扇南村の技術……は車輪の技術のことかな。

「ケンマって魔導士なの?」
「一応、部類としては白魔導士」
「すげー!」

イワイズミさんは少し首を傾げていた。
どうしたのか聞こうと思ったが、イワイズミさんが先に切り出した。

「そうと決まれば、馬車を借りれないか聞かないとな」
「俺も行く。魔法使うから実物は見たい」

イワイズミさんが立ち上がり、ケンマは頷く。

「伊達街に行くってんなら、俺も行きます。
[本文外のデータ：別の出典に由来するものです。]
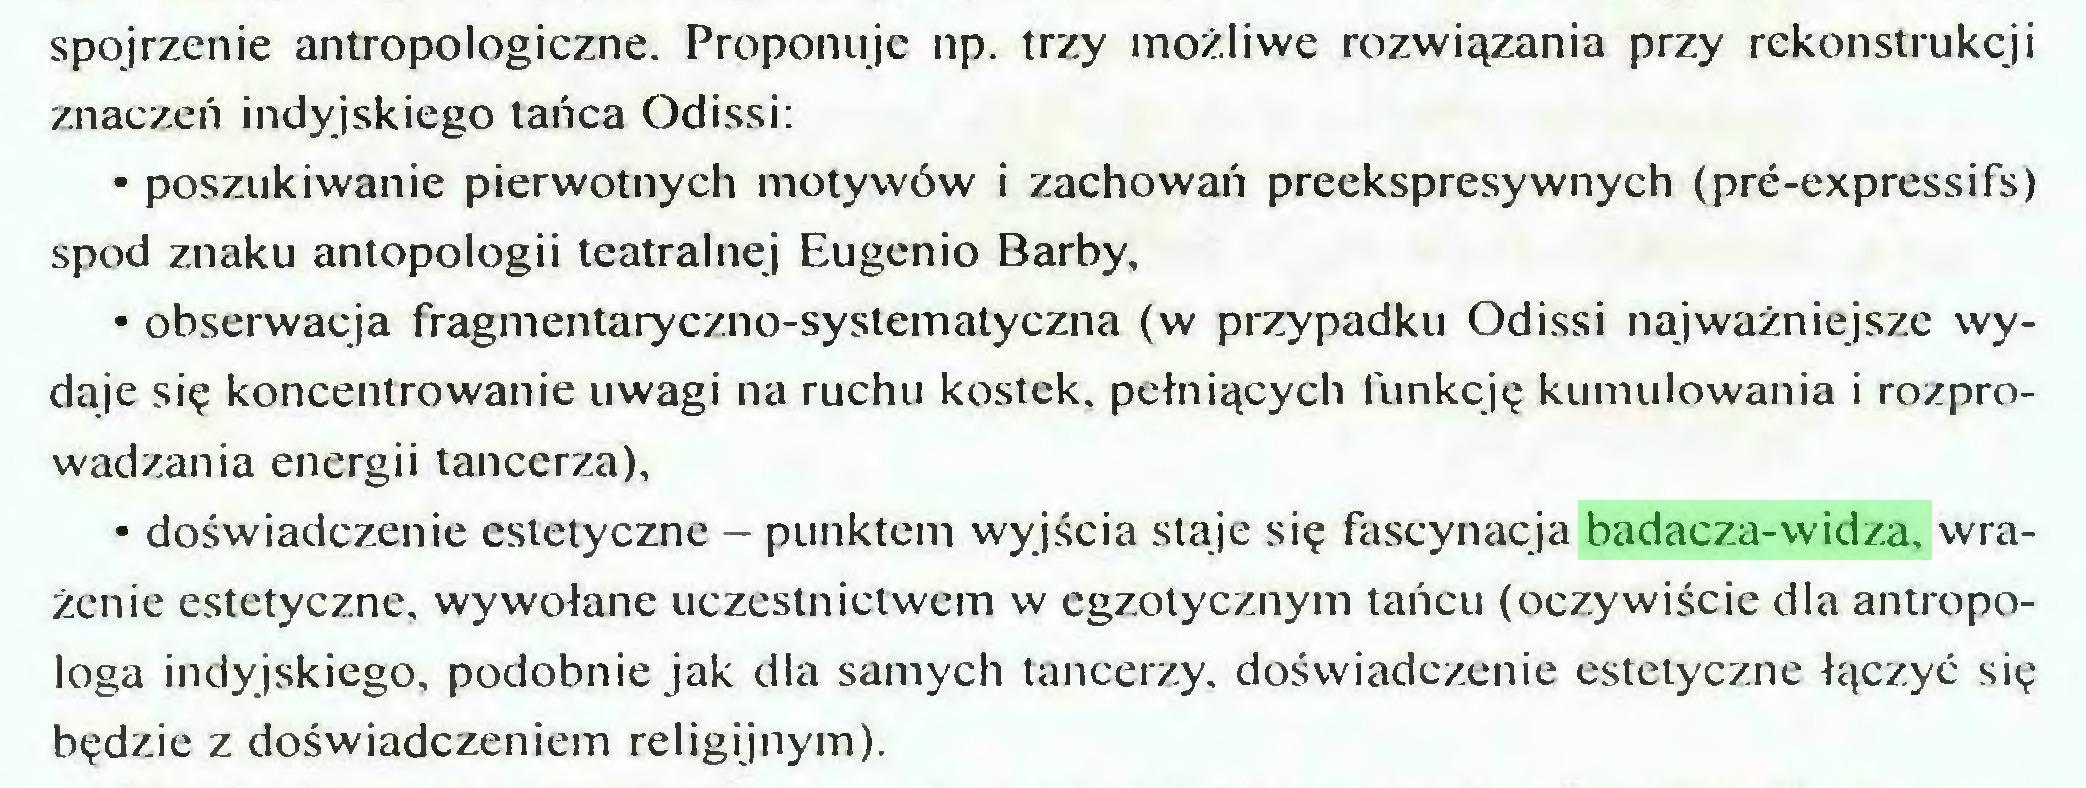 (...) spojrzenie antropologiczne. Proponuje np. trzy możliwe rozwiązania przy rekonstrukcji znaczeń indyjskiego tańca Odissi: • poszukiwanie pierwotnych motywów i zachowań preekspresywnych (pre-expressifs) spod znaku antopologii teatralnej Eugenio Barby, • obserwacja fragmentaryczno-systematyczna (w przypadku Odissi najważniejsze wydaje się koncentrowanie uwagi na ruchu kostek, pełniących funkcję kumulowania i rozprowadzania energii tancerza), • doświadczenie estetyczne - punktem wyjścia staje się fascynacja badacza-widza, wrażenie estetyczne, wywołane uczestnictwem w egzotycznym tańcu (oczywiście dla antropologa indyjskiego, podobnie jak dla samych tancerzy, doświadczenie estetyczne łączyć się będzie z doświadczeniem religijnym)...

丁度用事があるんです」

カゲヤマがそう言った。

イワイズミさんはカゲヤマを見て、俺を見て、カゲヤマを見ると、条件を出した。

「道中はクロオの残兵がいる。その妨害被害を軽減させる用心棒になるなら付いてきていい」

カゲヤマは承諾した。

イワイズミさんとケンマが部屋から出て行くと、カゲヤマは俺に言ってきた。

「心境の変化は、あったのか」
「ない」

即答した俺に、カゲヤマは何もしなかった。何も言わなかった。

「とっとと寝ろ怪我人。俺たちがいなきゃ何もできねぇ木偶が起きてても何も変わんねぇ」

そう暴言を残して部屋を出て行った。